Pfizer reserves the right to make an offer for AstraZeneca at any time, at less than, for each AstraZeneca share, 1.747 shares in the combined entity and 2,476 pence in cash:
·    with the agreement or recommendation of the AstraZeneca board;
·    if a third party announces a firm intention to make an offer for AstraZeneca pursuant to Rule 2.7 of the Code which, at the date Pfizer announces a firm intention to make an offer for AstraZeneca, is valued at a lower price than contemplated by the terms of the proposal;
·    following the announcement by AstraZeneca of a whitewash transaction[11]pursuant to the Code; or
·    in the event that any AstraZeneca dividend is declared, made or paid in excess of what is expected by the consensus analyst forecasted dividends of 53.5 pence[12] per share due to be announced by AstraZeneca on 31 July 2014 (in which case a £ for £ adjustment reduction equal to the excess amount would be made).

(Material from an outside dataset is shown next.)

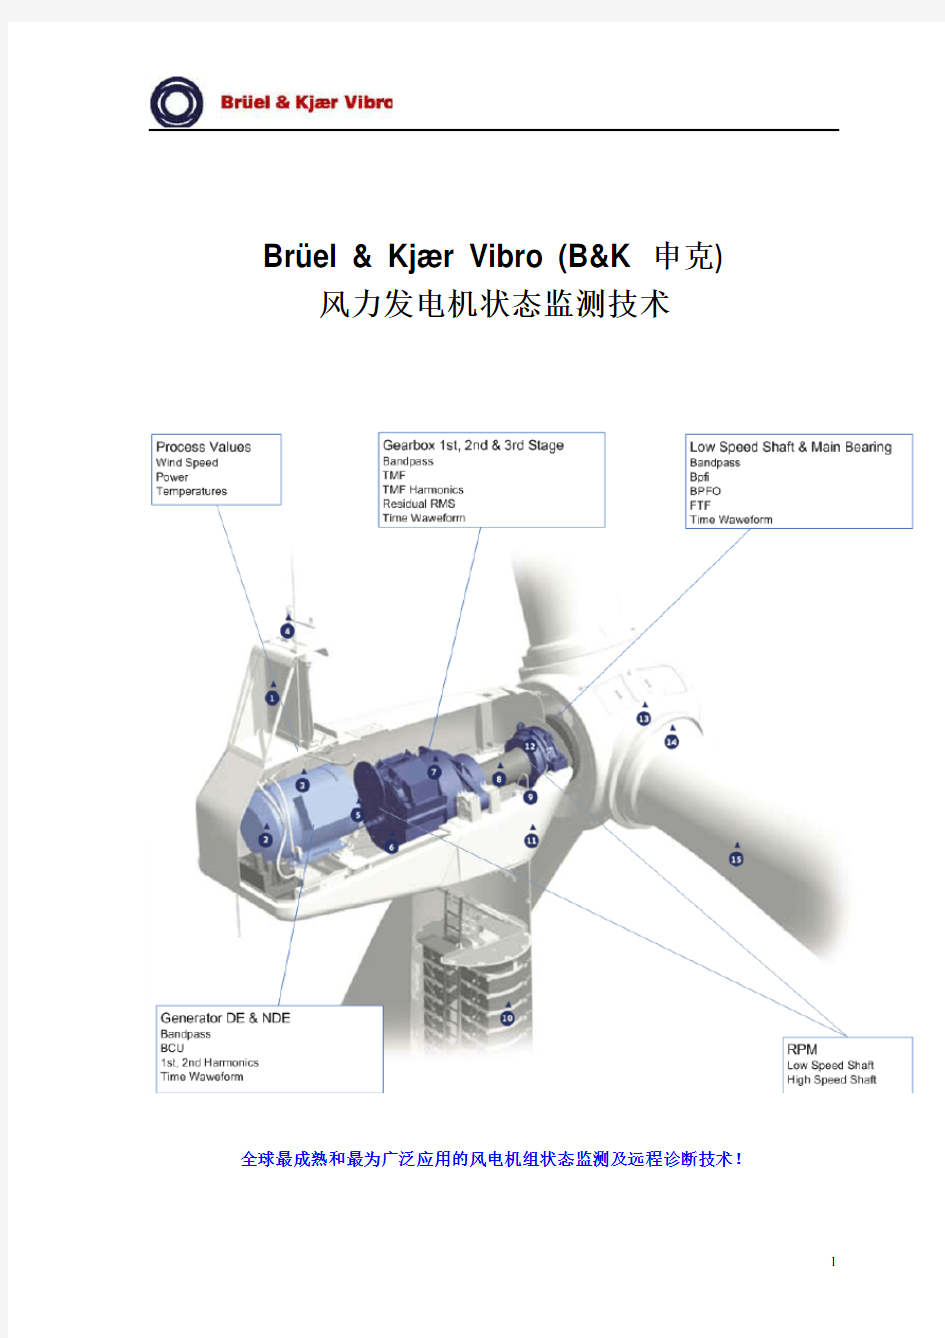 B&K 申克风力发电机组状态监测系统简介

Pfizer reserves the right to make an offer for AstraZeneca at any time, at more than, for each AstraZeneca share, 1.747 shares in the combined entity and 2,476 pence in cash:
·         following the release of a firm offer announcement pursuant to Rule 2.7 of the Code;
·         if the indicative value of such offer, when made, would not equal £55.00; or
·         if a third party announces a firm intention to make an offer for AstraZeneca pursuant to Rule 2.7 of the Code which, at the date Pfizer announces a firm intention to make an offer for AstraZeneca, is valued at a higher price than contemplated by the terms of the proposal.